You can refer to some link like http://stackoverflow.com/questions/13344968/using-windows-authentication-with-connection-string-in-iis-to-connect-to-sql-200
So I close the issue now it is some configuration of security.
There are no any problem with configuration or settings. Because when we create service using Entity Framework, but without RESTier, everything works correct. Therefore web.config, connection string, IIS, MSSQL DB, AD domain are configured correctly.
After we add RESTier to work via OData protocol, all our requests to DB done under application pool account.
I did some quick check and search,
In your web.config,
We can see security configuration is SSPI,
From this link, http://stackoverflow.com/questions/1229691/difference-between-integrated-security-true-and-integrated-security-sspi
When true, the current Windows account credentials are used for authentication. Recognized values are true, false, yes, no, and sspi (strongly recommended), which is equivalent to true.

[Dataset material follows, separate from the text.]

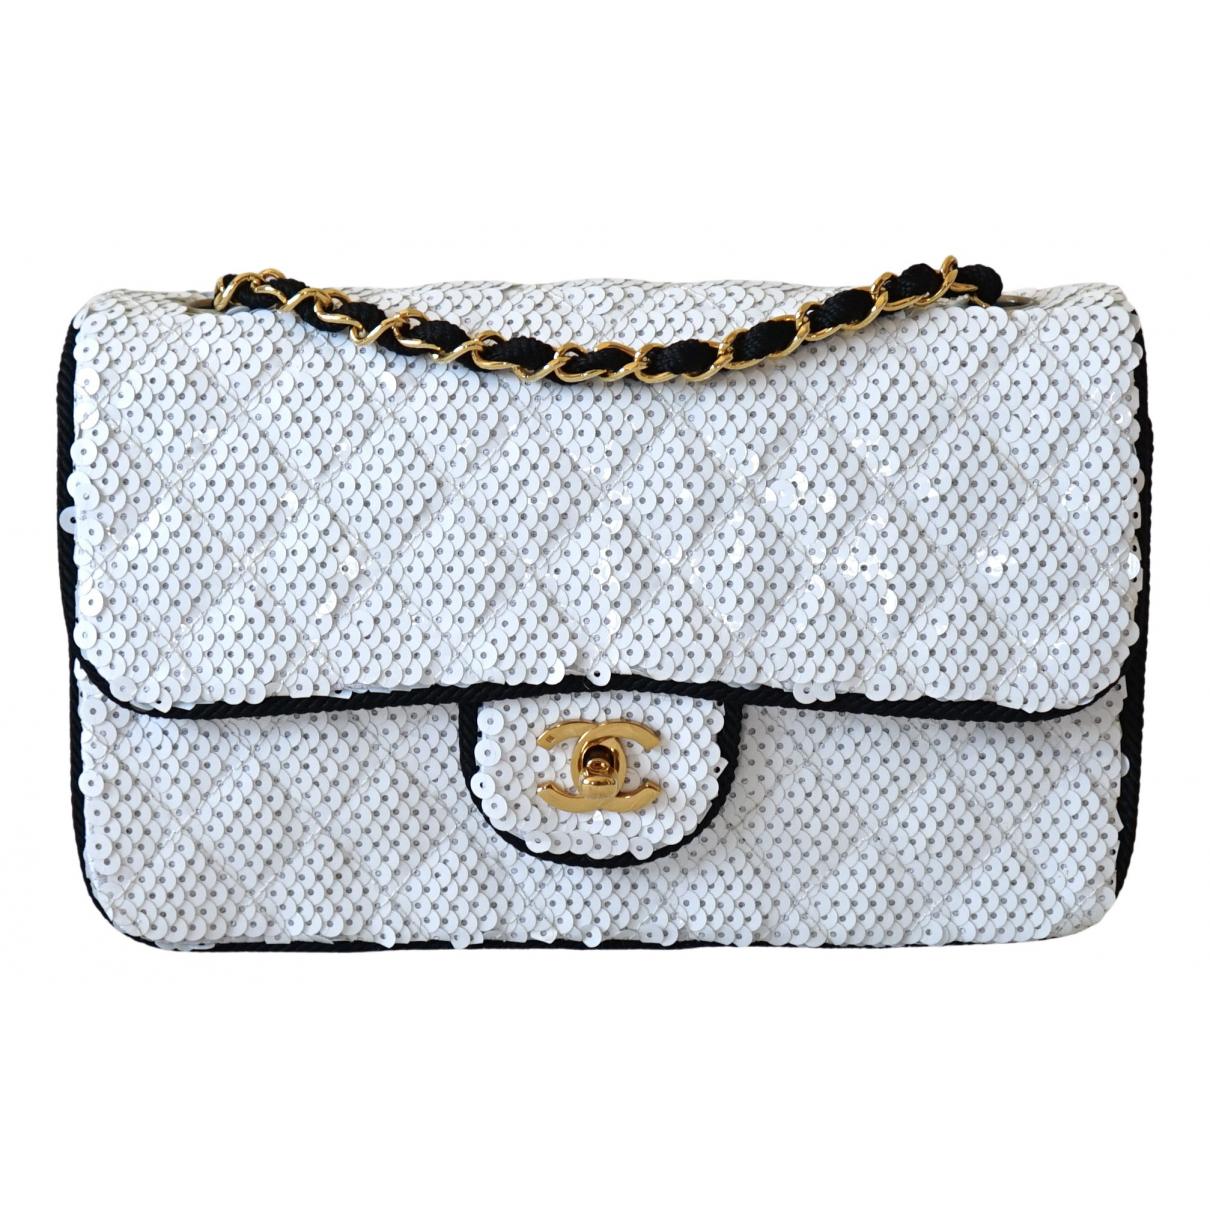 Chanel - Sac a main Timeless/Classique pour femme en toile - blanc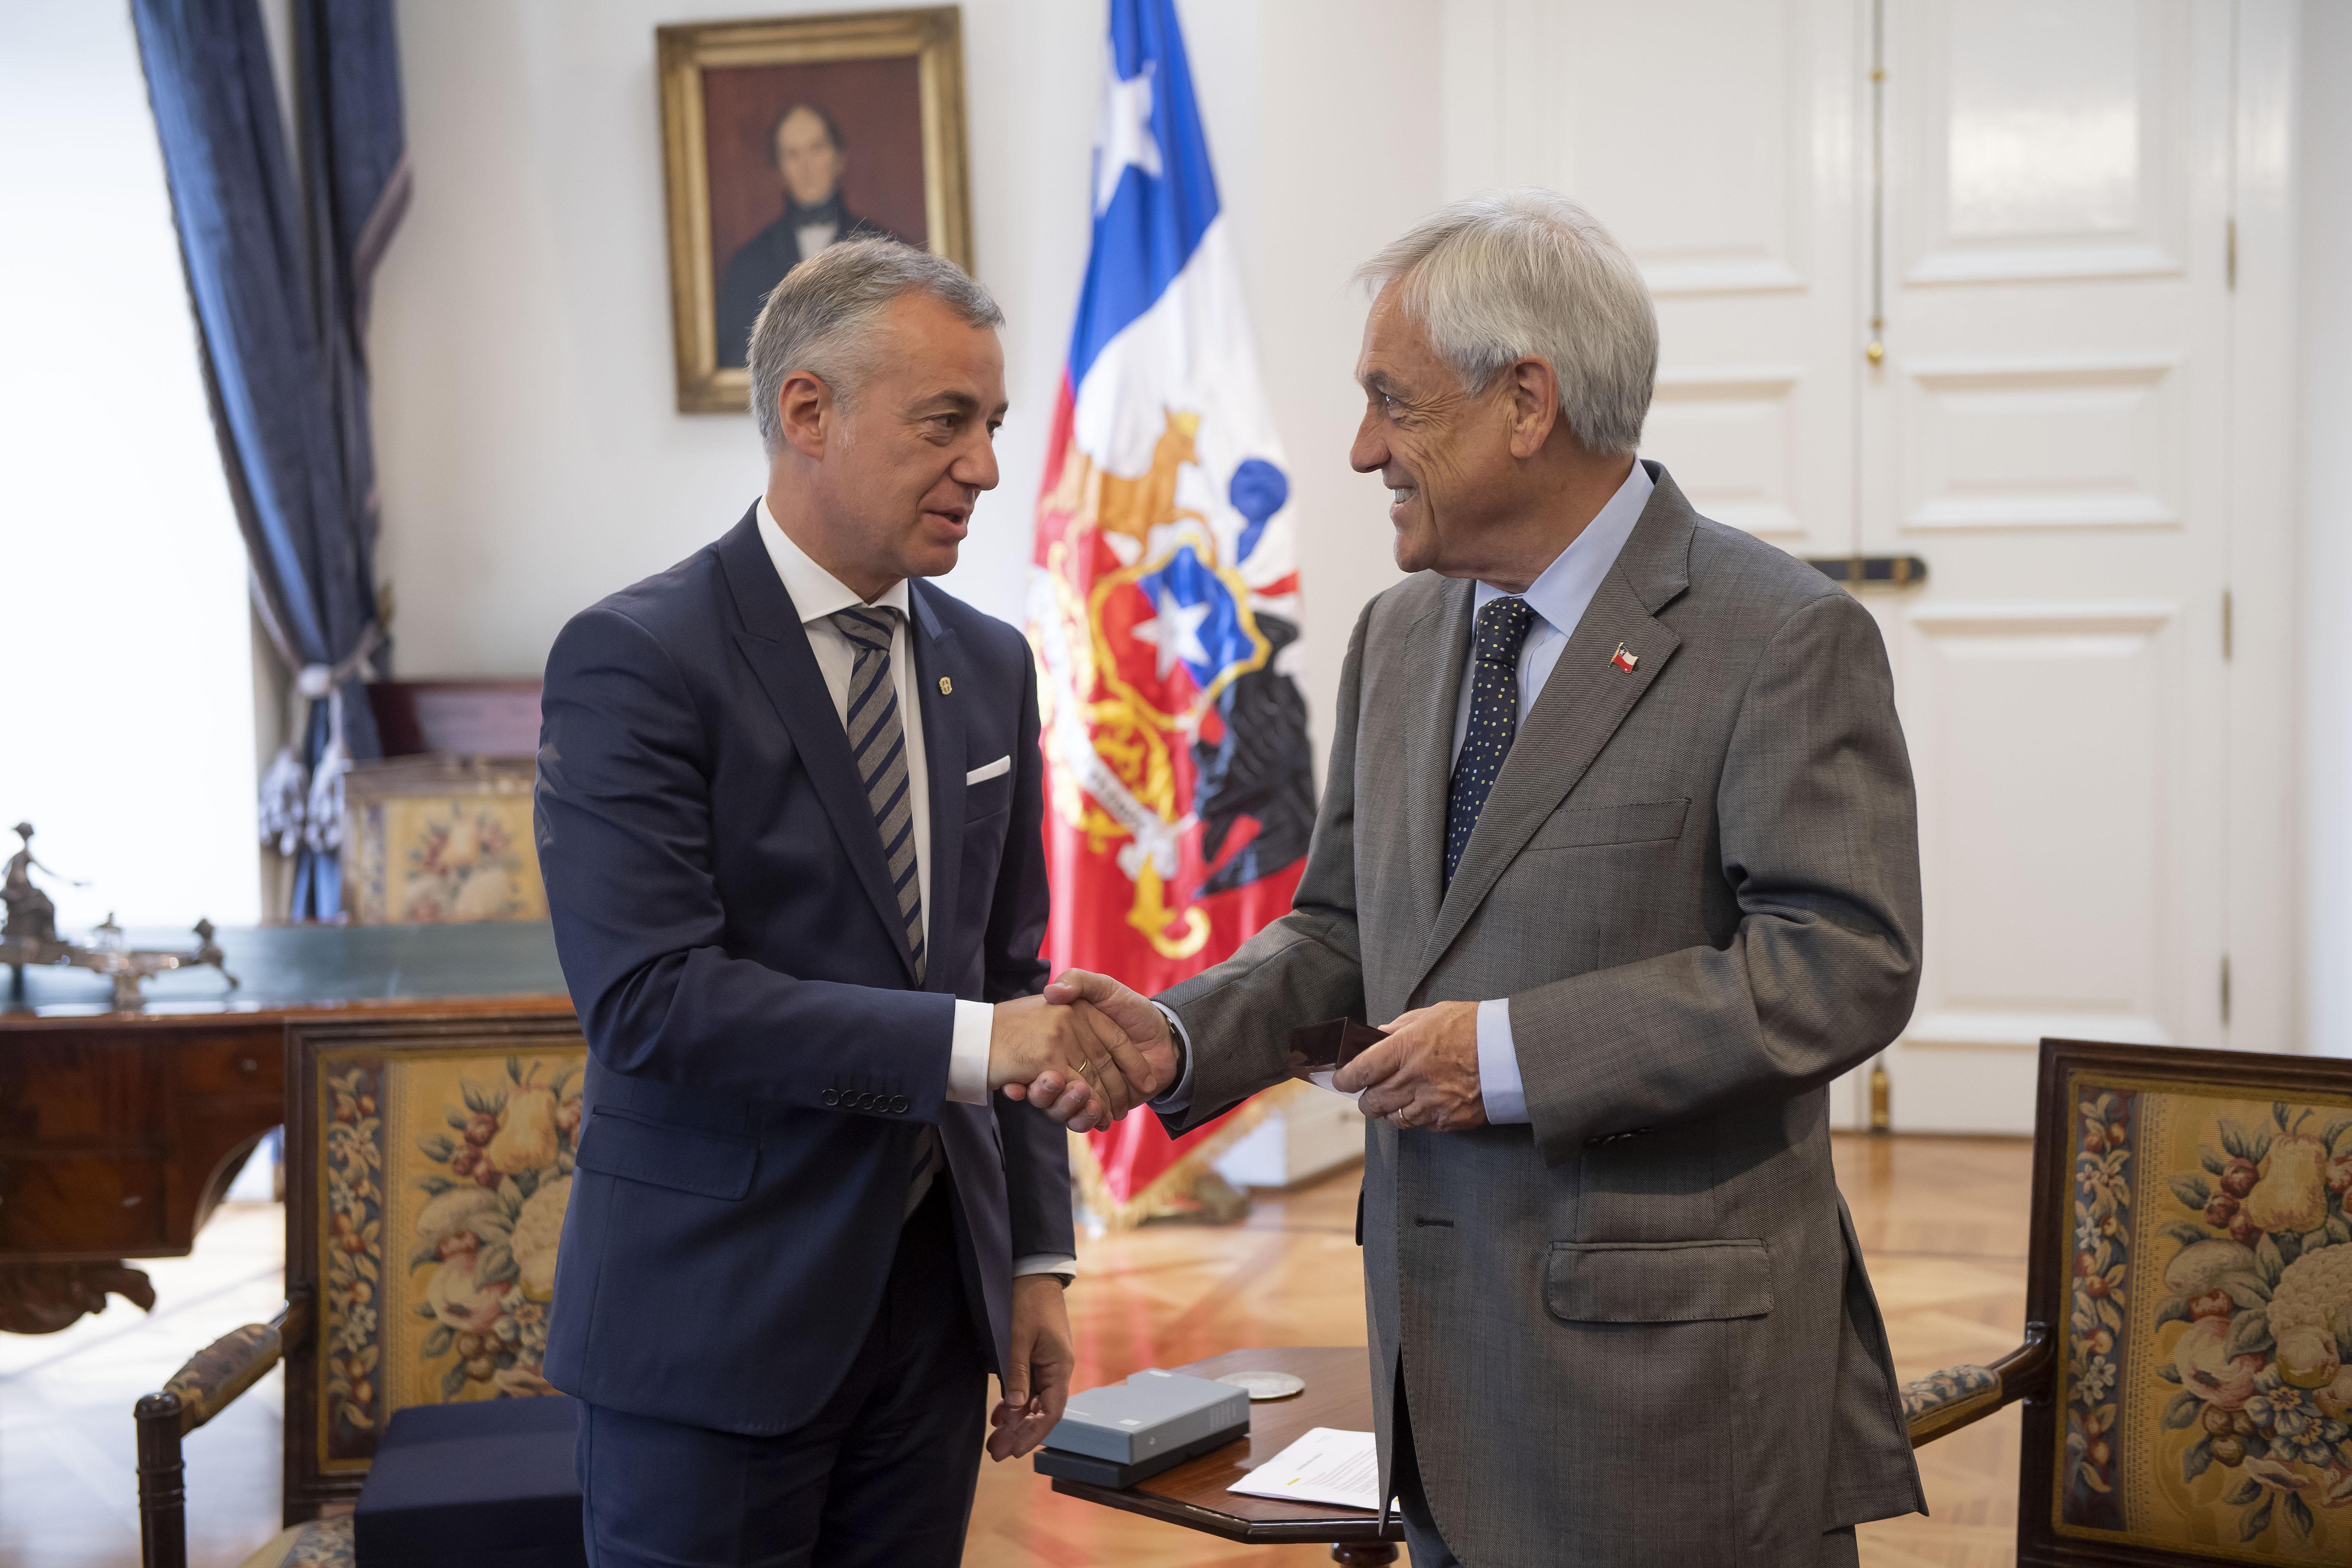 Lehendakari Urkullu meets with the President of Chile, Sebastián Piñera

So we can see the configuration is to use windows authentication.
Maybe you can compare two web.config file and should see the difference.
I tried both options Integrated Security=SSPI and Integrated Security=true
It works wrong. web service makes call using account of application pool.
@OleksandrChekmez - can you point us to where in your sample project you have configured your Web application for Windows authentication? I don't see those settings in your Web.config. According to my understanding, it makes perfect sense that you see the app accessing the database with the application pool account.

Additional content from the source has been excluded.